_Task details_.
Please repeat exactly the lines below from the one containing "Anime Coloring Pages" down to the one containing "The Coffee Vs", both included, and nothing else.

_Data supplied_.

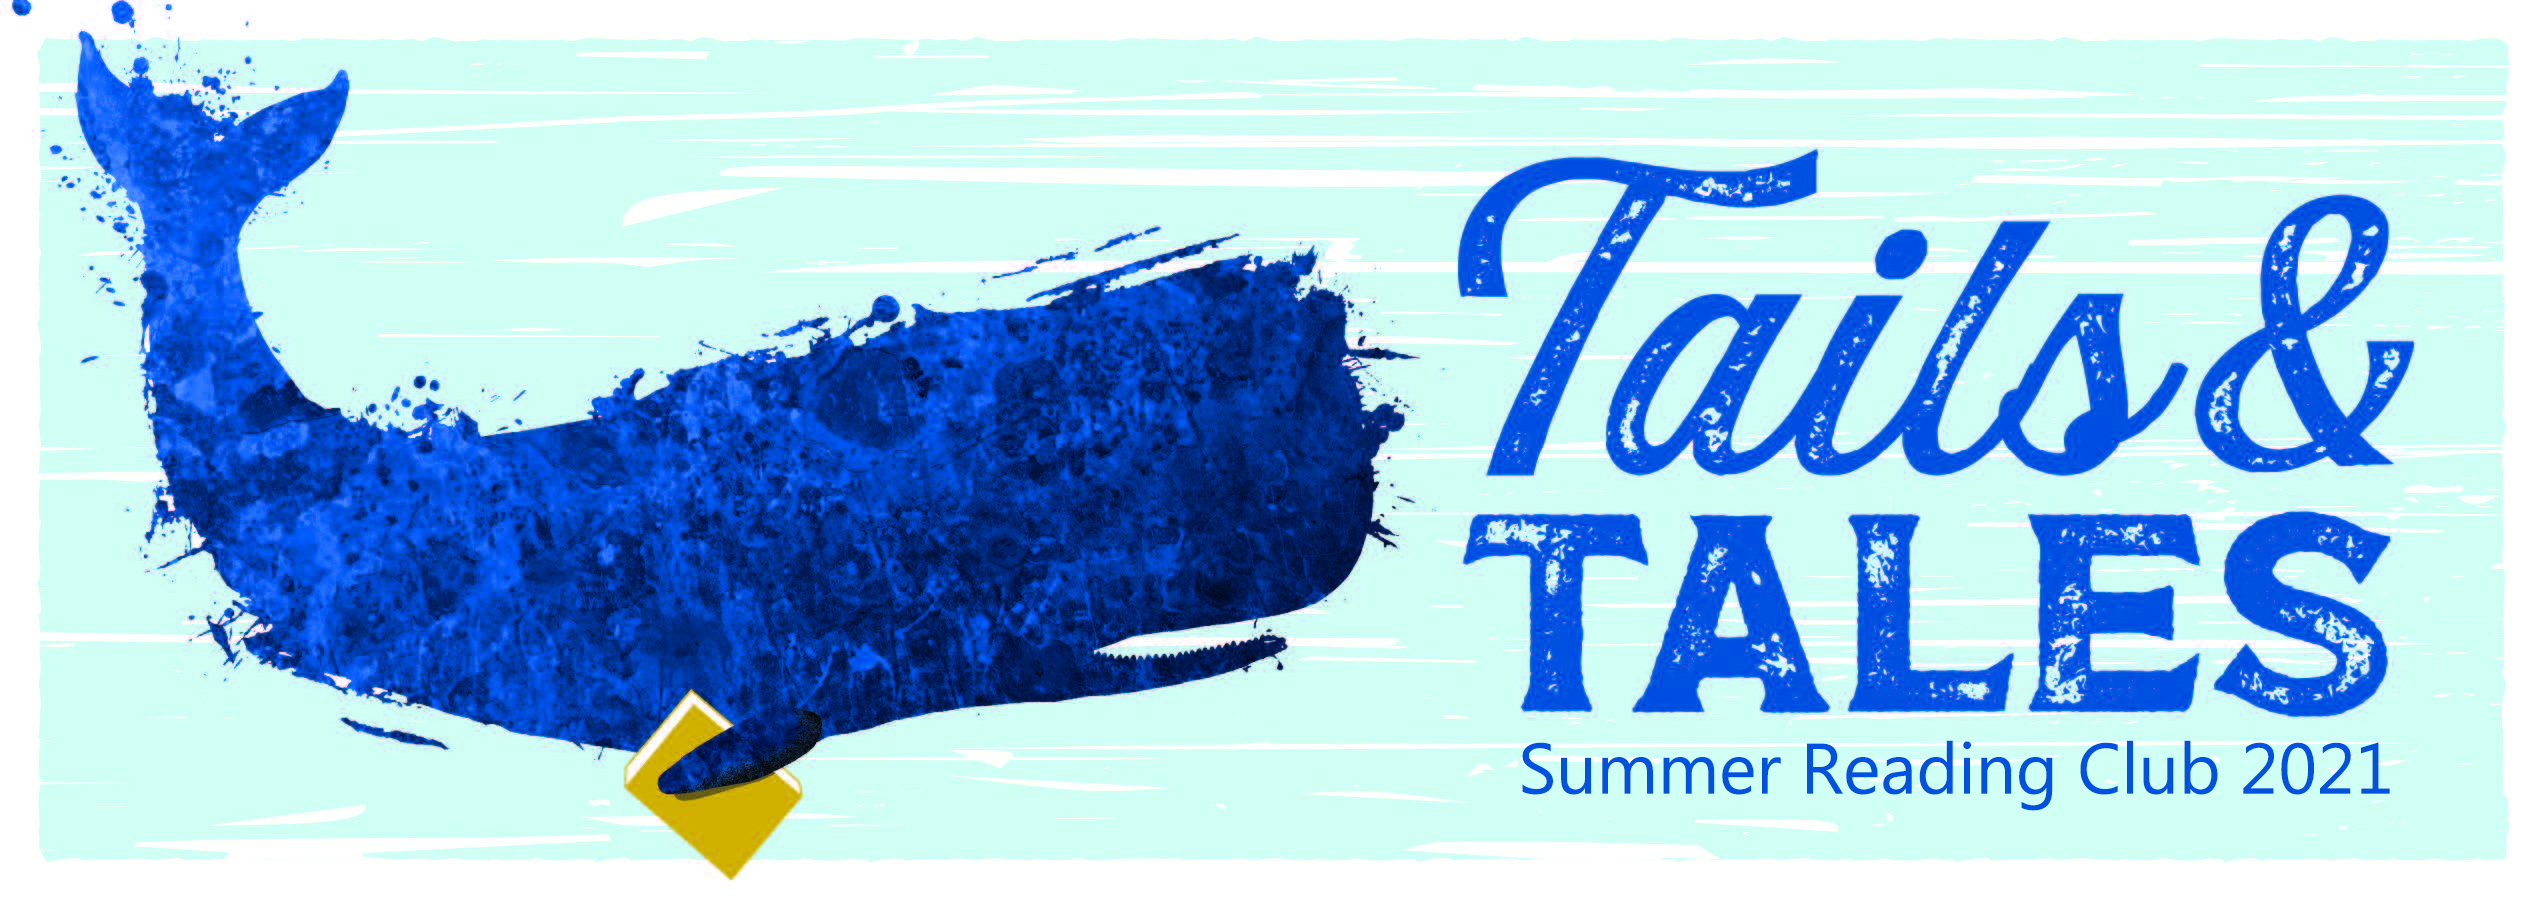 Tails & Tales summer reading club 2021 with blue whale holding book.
--
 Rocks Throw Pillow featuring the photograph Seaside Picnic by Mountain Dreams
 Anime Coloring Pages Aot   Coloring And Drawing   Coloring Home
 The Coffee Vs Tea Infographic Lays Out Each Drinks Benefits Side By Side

_Task response_.
 Anime Coloring Pages Aot   Coloring And Drawing   Coloring Home
 The Coffee Vs Tea Infographic Lays Out Each Drinks Benefits Side By Side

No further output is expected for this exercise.